Many essays start by quoting dictionaries and definitions, but few can be much more revealing than the dictionaries and encyclopedia themselves, as is the one done by McCloskey in Chapter 2 to start talking about the Bourgeoisie, plural of a Bourgeois whose female partner would be a Bourgeoise, not to be distinguished in spoken language from its plural form Bourgeoises, who all share ancestry with the German Bürger and Bürgerinnen, the hard-working "towns-man-ly" people, what McCloskey tries to portray as a virtuous class.

One thing peculiar about her portrait is the inauthenticity and the lack of creativity of the Bourgeois class, whose greatest drives for hard work are freedom and the ability to imitate, rather than any pure profit maximization with resolution nor logic. I wonder what economics would be like if such a homo socius becomes the protagonist.

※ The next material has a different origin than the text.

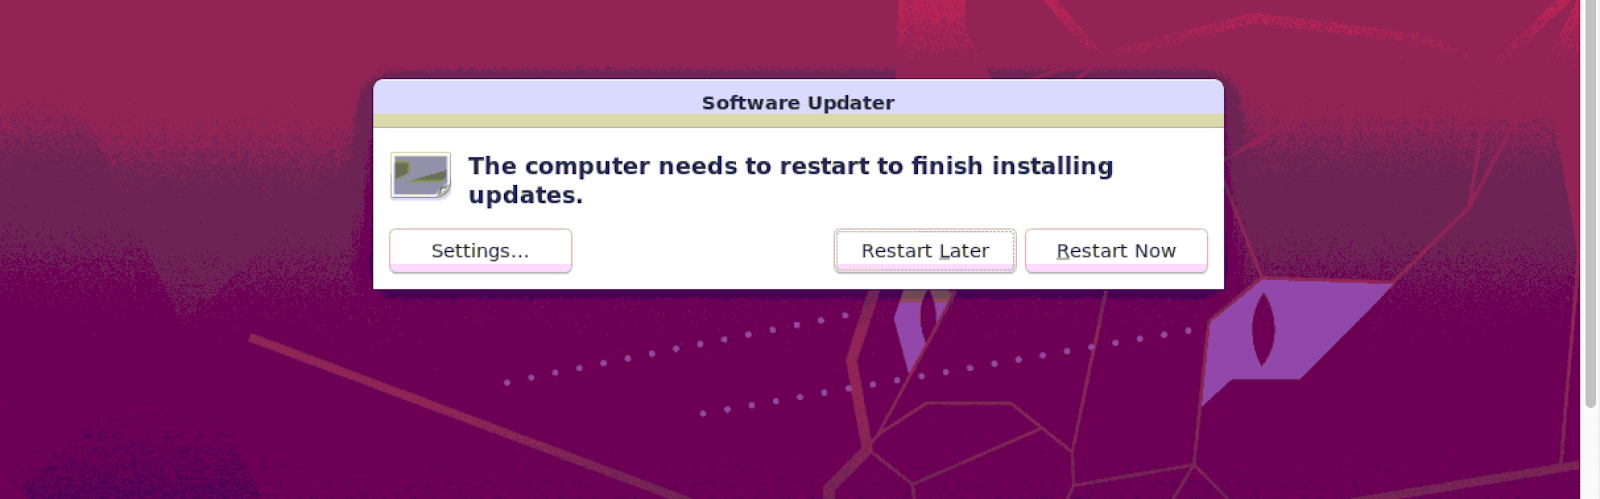 Update Ubuntu9

Sufficiency of self-interest in cooperation

The author argues that self-interested m-Cooperate strategy is unstable and easily afflicted by chance events of for example one m-Cooperator turning to Defect. Why couldn't the strategies also adapt to become stochastic and tolerant to chance events? The author admits himself that this doesn't exclude the possible existence of strategies immune to chance events. Nevertheless, such partial results are commonly used as arguments for inefficiency of self-interest and for the necessity of exogenous factors such as institutions. 

The other argument using implausibility of self-interested cooperation in large groups instead of in a dyadic setting is also debatable. Individuals in large groups are not isolated from each other. There is the social network structure connecting group members and graph theory has shown that it is possible to connect most individuals in the world with one another within a very small number of links (social networks theory, 6 degrees of separation). This makes reciprocal actions not unlikely, and reciprocal altruism not unlikely, if the individuals realize this connectivity.